We now live in a world where brands are judged by their reputation, story and purpose. This year’s New General Market Purpose Driven Summit challenged a high-growth group of brands and retailers to protect their brand story — connecting with today’s consumer as people first and to create a genuine connection.

The Edelman Trust Barometer reveals that 60% of millennials are belief-driven buyers, as are 53% of Gen Z and 51% of Gen X. Consider this, 57% of consumers now buy or boycott a brand based on its position on social or political issues. A shift has occurred, the majority of consumers will stop buying a brand if they believe the company’s practices are unethical.

Many purpose-driven brands are growing 10-times faster than larger, established —non-purpose — brands, and purpose-driven companies return six times more to shareholders than explicitly profit-driven organizations.

Here are some stories shared at the summit:

    • L2: Vice president of intelligence Evan Neufeld spoke about “The Changing Rules of Building Brand Equity.” Neufeld shared that personalization is an ongoing challenge, with more than half of all brands being laggards in data capturing and target marketing, and 83% of marketing content creators calling it their top obstacle.

    • Sundial Brands: CEO Rich Dennis founded the company with a vision, and the brand came along for the ride. Dennis believes brand soul is birthed from conviction and community love. Sundial Brands has recently initiated a $100 million New Voices Fund that invests in female entrepreneurs of color.

    • Unilever: Mike Clementi, vice president of North America and global customer development, spoke of the paradox of thriving as a leader in a world of uncertainty and ambiguity. Unilever takes pride in helping its employees discover their “individual purposes” — and how it links to Unilever’s broader purpose. This linkage allows all parties to thrive.

    • IRI: Larry Levin, executive vice president of consumer and shopper marketing and thought leadership, shared that brands must understand that they are now speaking to five distinct generations: Silent, Boomers, Gen X, millennials and Gen Z. Levin shared that nearly 50% of those age 18-to-21 years old influence their household grocery shopping, and 70% of Gen Z make purchases based on their values. “This new generation doesn’t see diversity unless it’s gone,” Levin said.

    • Brandless: Rachael Vegas, chief merchant, said that customers should not have to pay more for quality.
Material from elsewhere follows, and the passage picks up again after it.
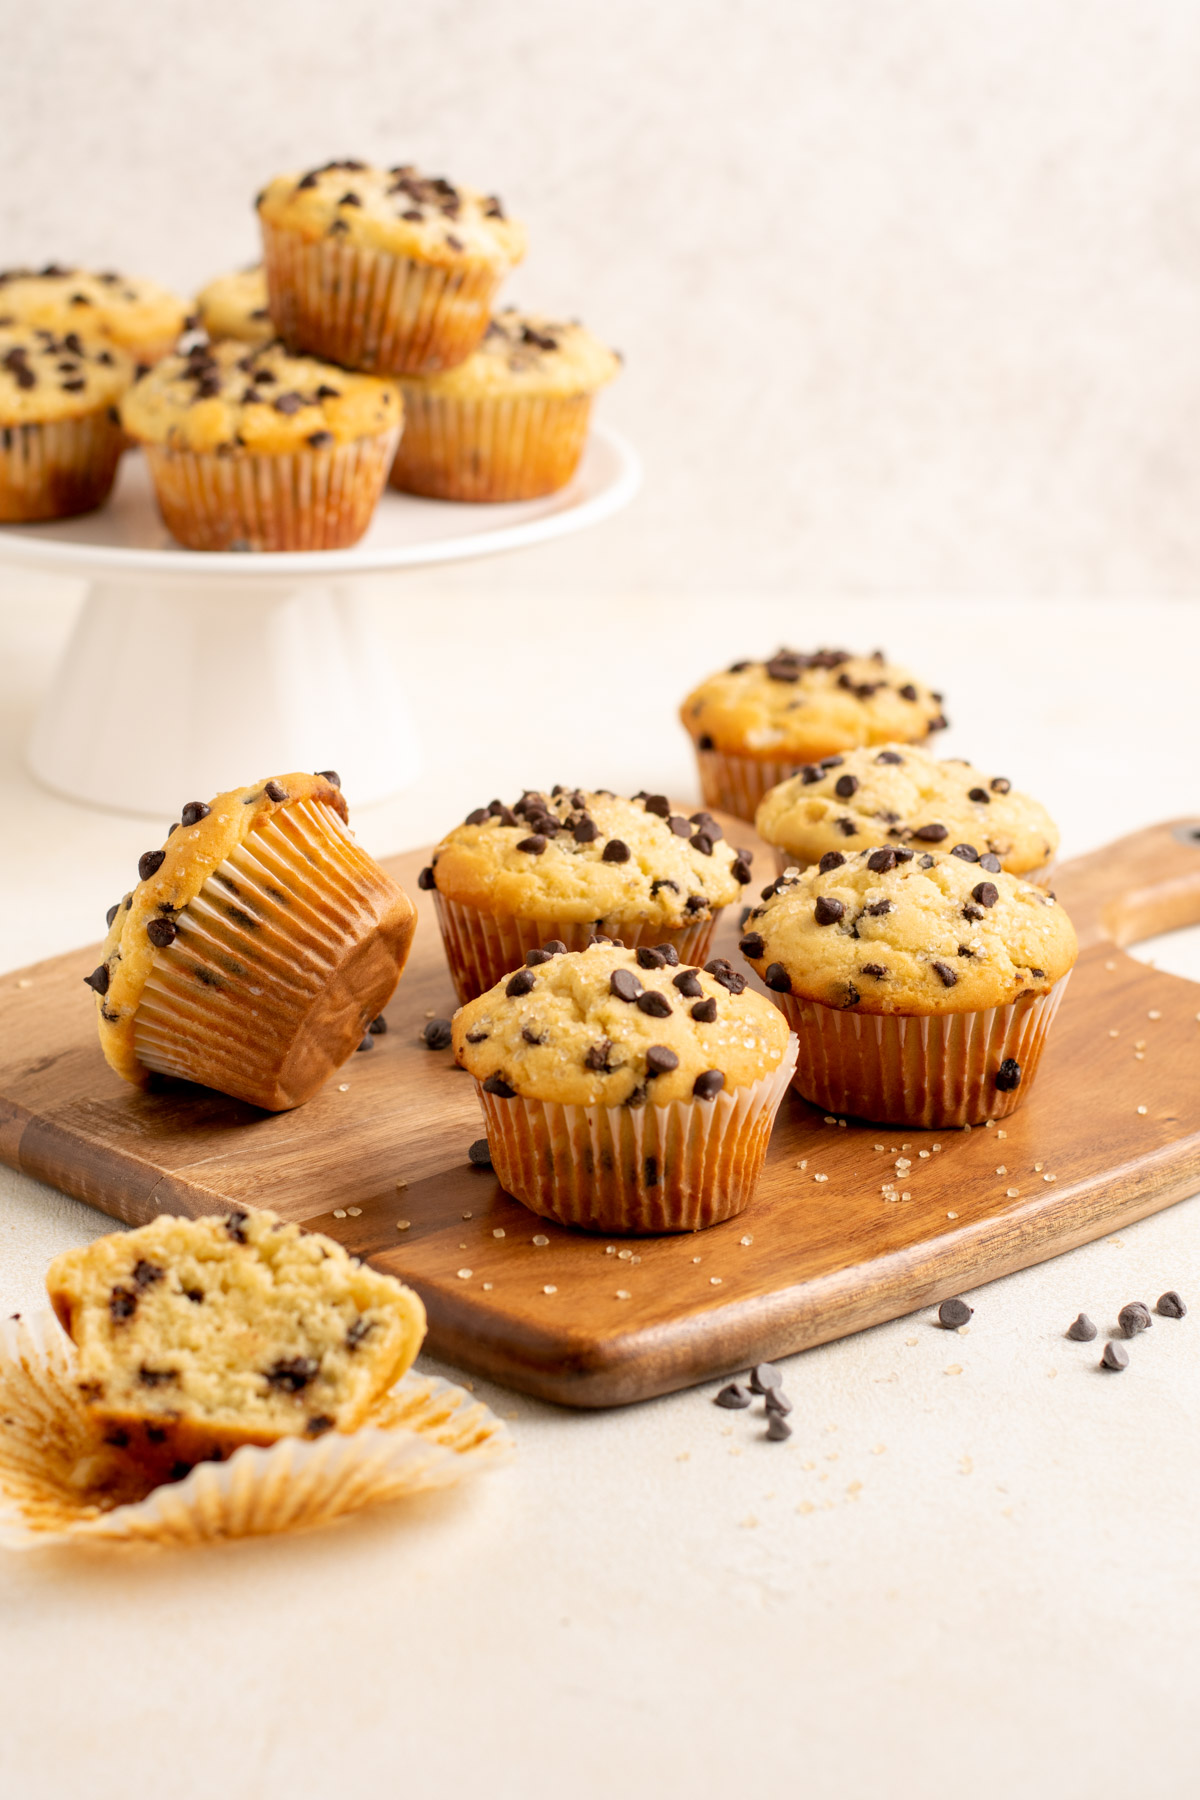 chocolate chip muffins on a wood board, some behind on a white pedestal.

Brandless is a digital company that offers an amazing group of food, household and health and beauty products for only $3. Launched in 2017 with 300 items, — largely non-GMO, some organic, vegan and cruelty-free. Brandless’ 1-for-1 social mission is a partnership with Feeding America, that buys a meal for people in need with every order placed.

    • Coty: Shannon Curtin, senior vice president, reminded us that the Empire State Building was built in 410 days. So why can’t we innovate more quickly? Curtin highlighted Coty’s commitment to social listening, purposeful storytelling, content optimization and selling.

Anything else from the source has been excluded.